The Recession affects everybody:
? I got a pre-declined credit card in the mail.
? Wives are having sex with their husbands because they can't afford batteries.
? CEO's are now playing miniature golf.
? Goldman-Sachs laid off 25 Congressmen.
? Jesse Jackson now takes up the social causes of everyone.
? I saw a Mormon polygamist with only one wife.
? If the bank returns your check marked "Insufficient Funds," you call them and ask if they meant you or them.
? McDonald's is selling the 1/4 ouncer.
? Angelina Jolie adopted a child from America.
? Parents in Beverly Hills fired their nannies and learned their children's names.
? My cousin had an exorcism but couldn't afford to pay for it, and they re-possessed her!
? A truckload of Americans were caught sneaking into Mexico.
? A picture is now only worth 200 words.
? When Bill and Hillary travel together, they now have to share a room.
? The Treasure Island casino in Las Vegas is now managed by Somali pirates.
? Congress says they are looking into this Bernard Madoff scandal.

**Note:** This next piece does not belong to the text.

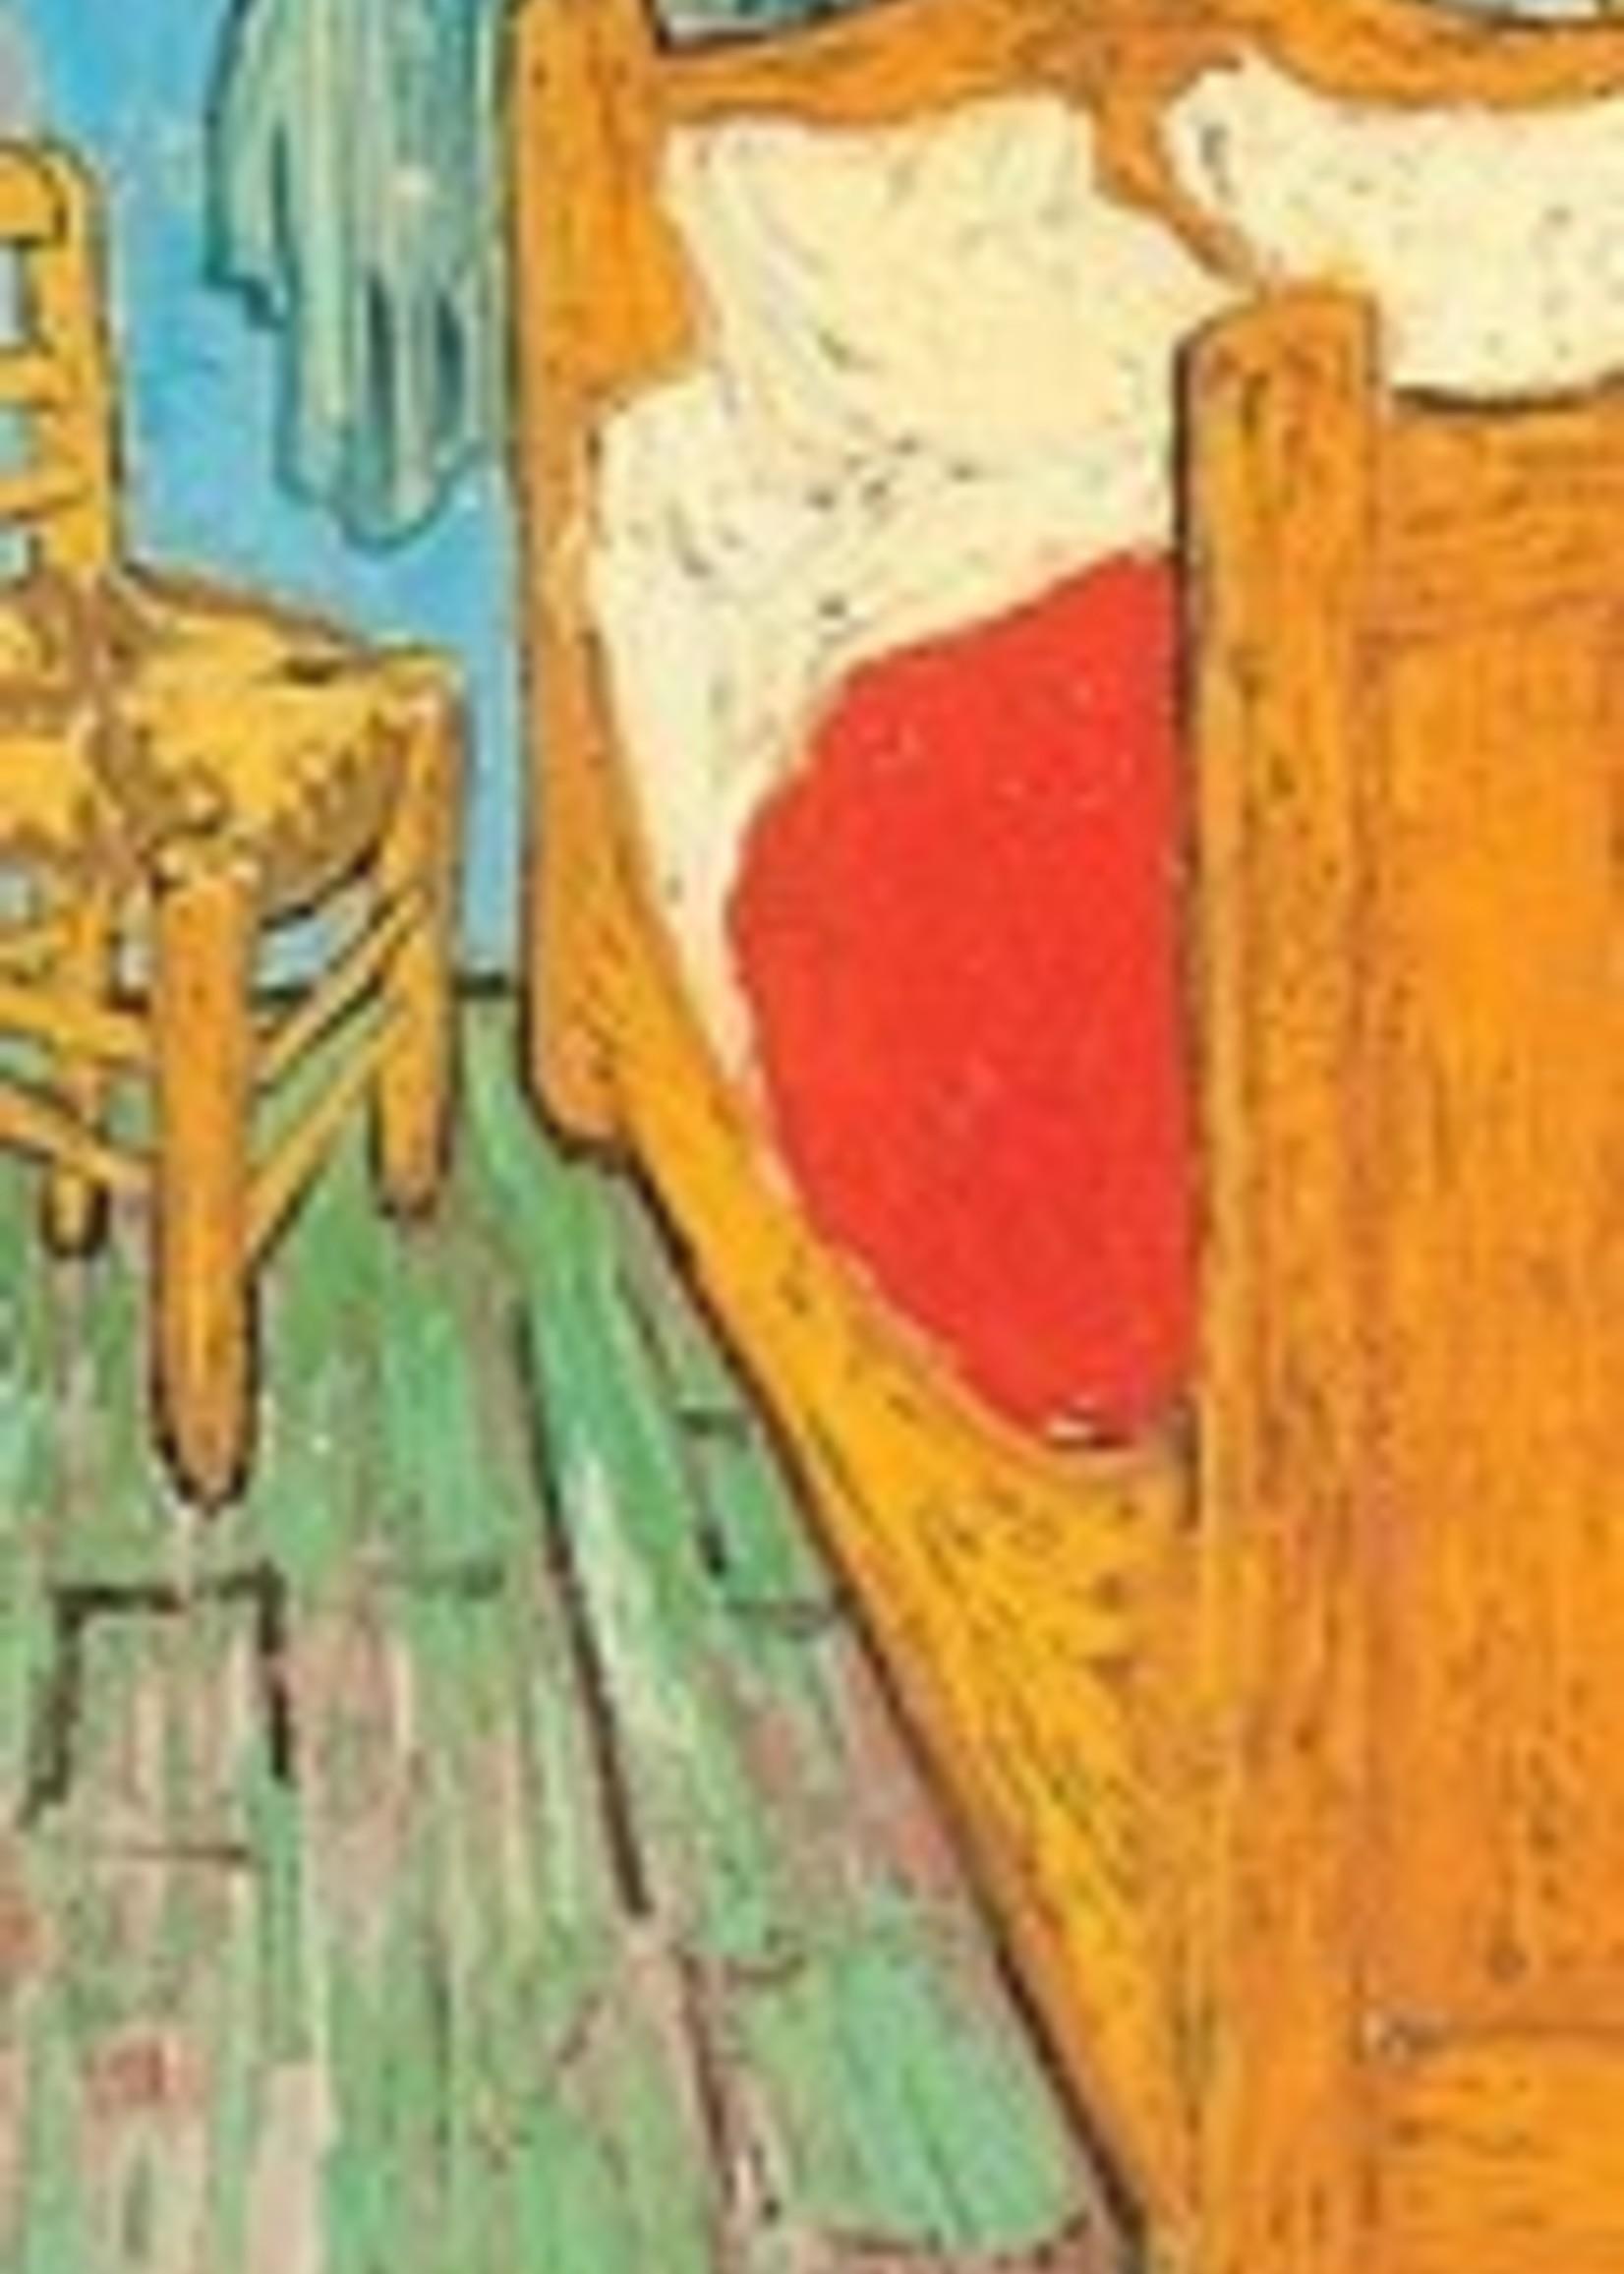 The Bedroom Bookmark by Vincent van Gogh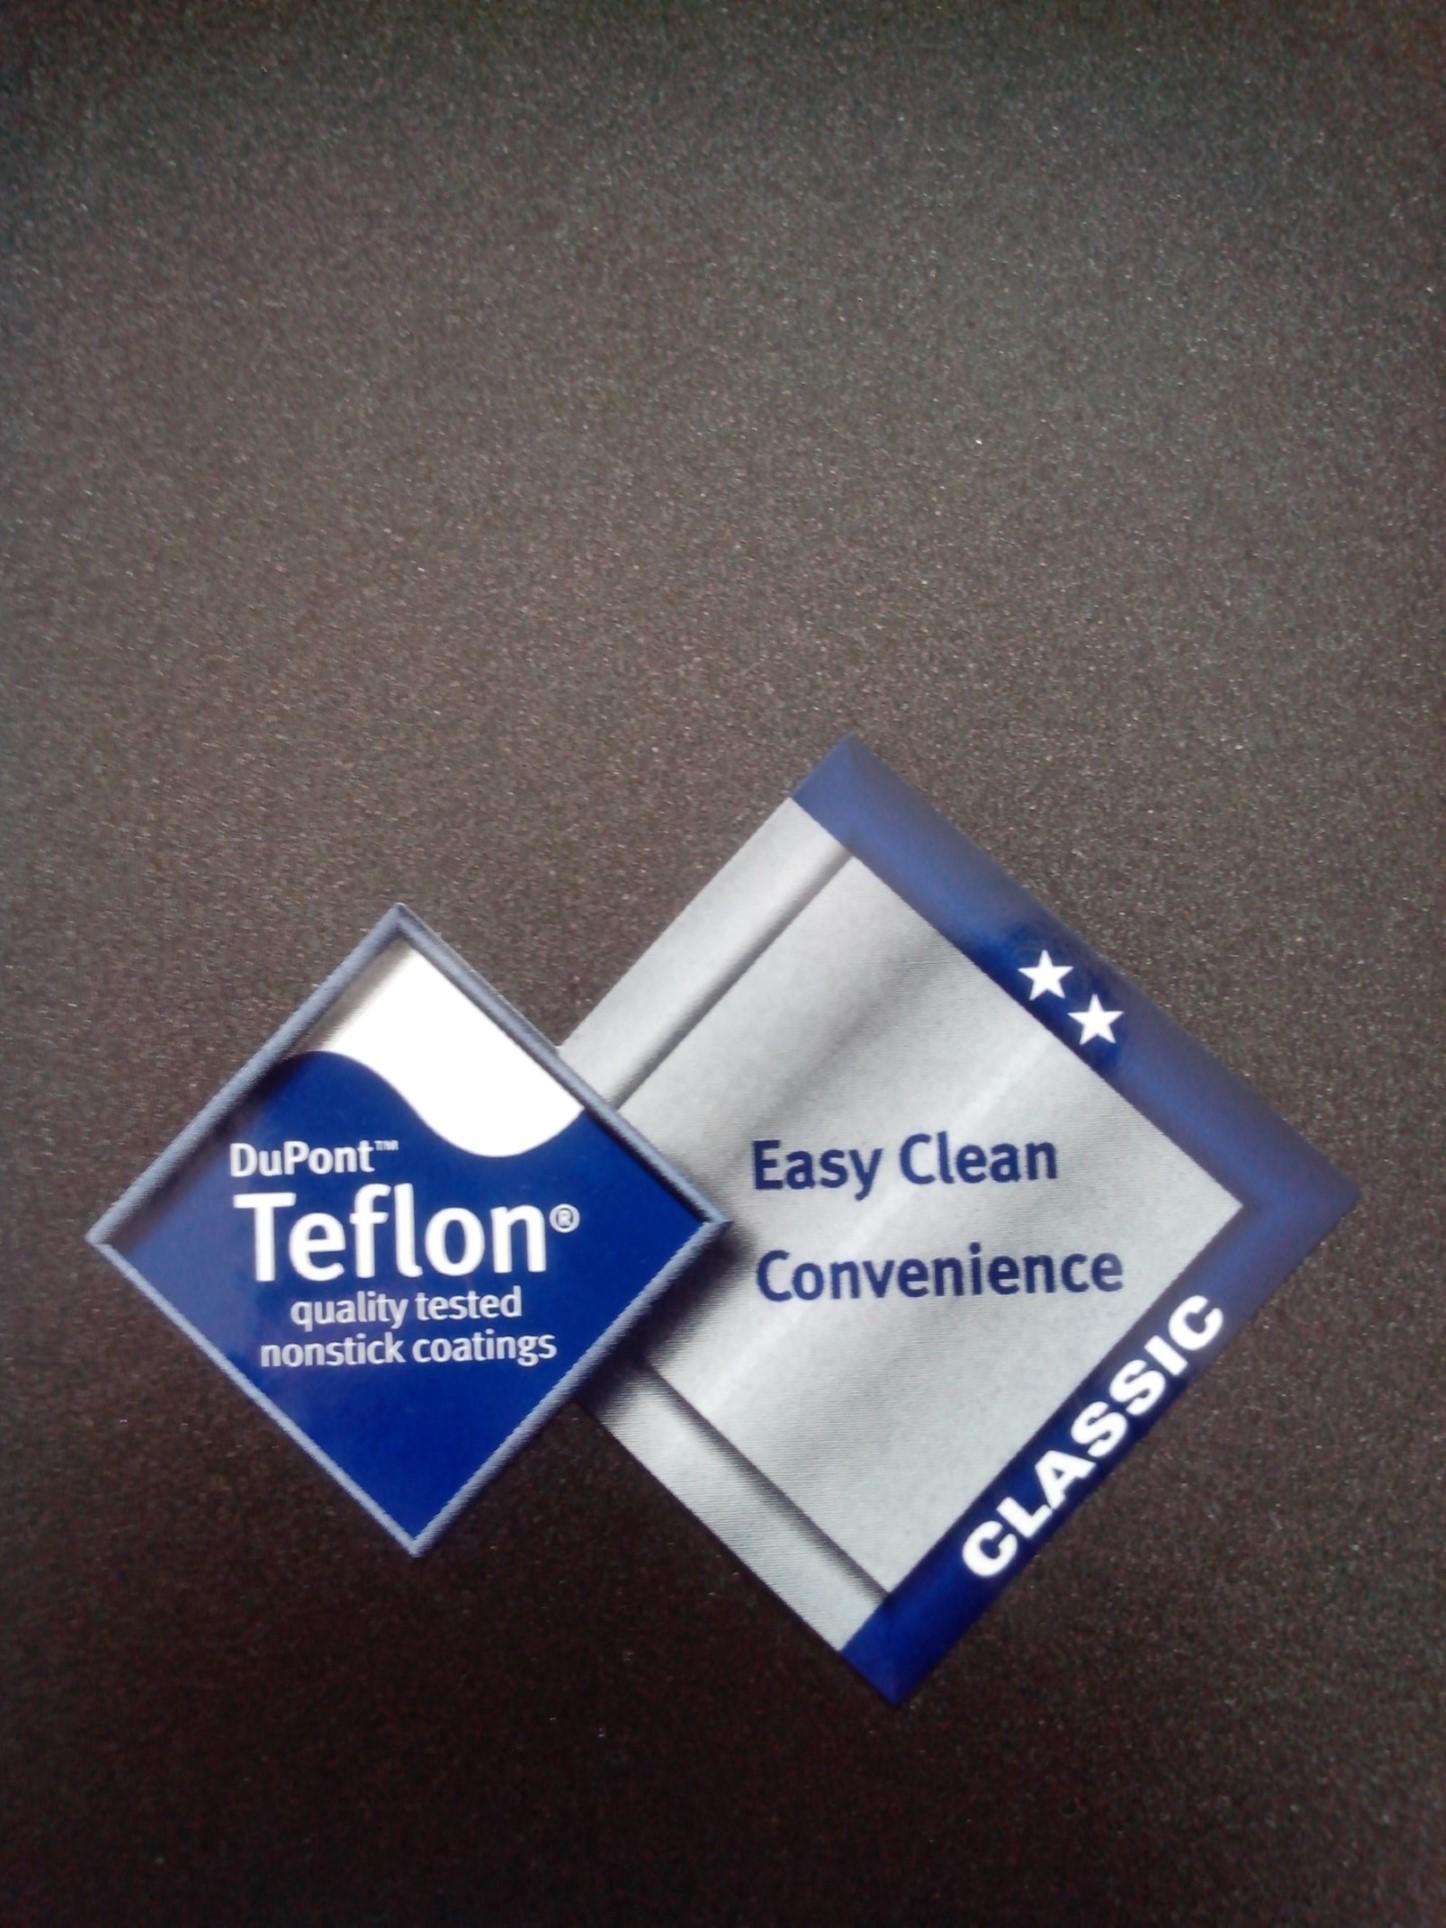 Teflon productie verder onder druk - DuPont splitst teflonproductie af

Oh Great! The guy who made $50 Billion disappear is being investigated by the people who made $1.5 Trillion disappear!
And, finally...
? I was so depressed last night thinking about the economy, wars, jobs, my savings, Social Security, retirement funds, etc., I called the Suicide Hotline. I got a call center in Pakistan and when I told them I was suicidal, they got all excited, and asked if I could drive a truck.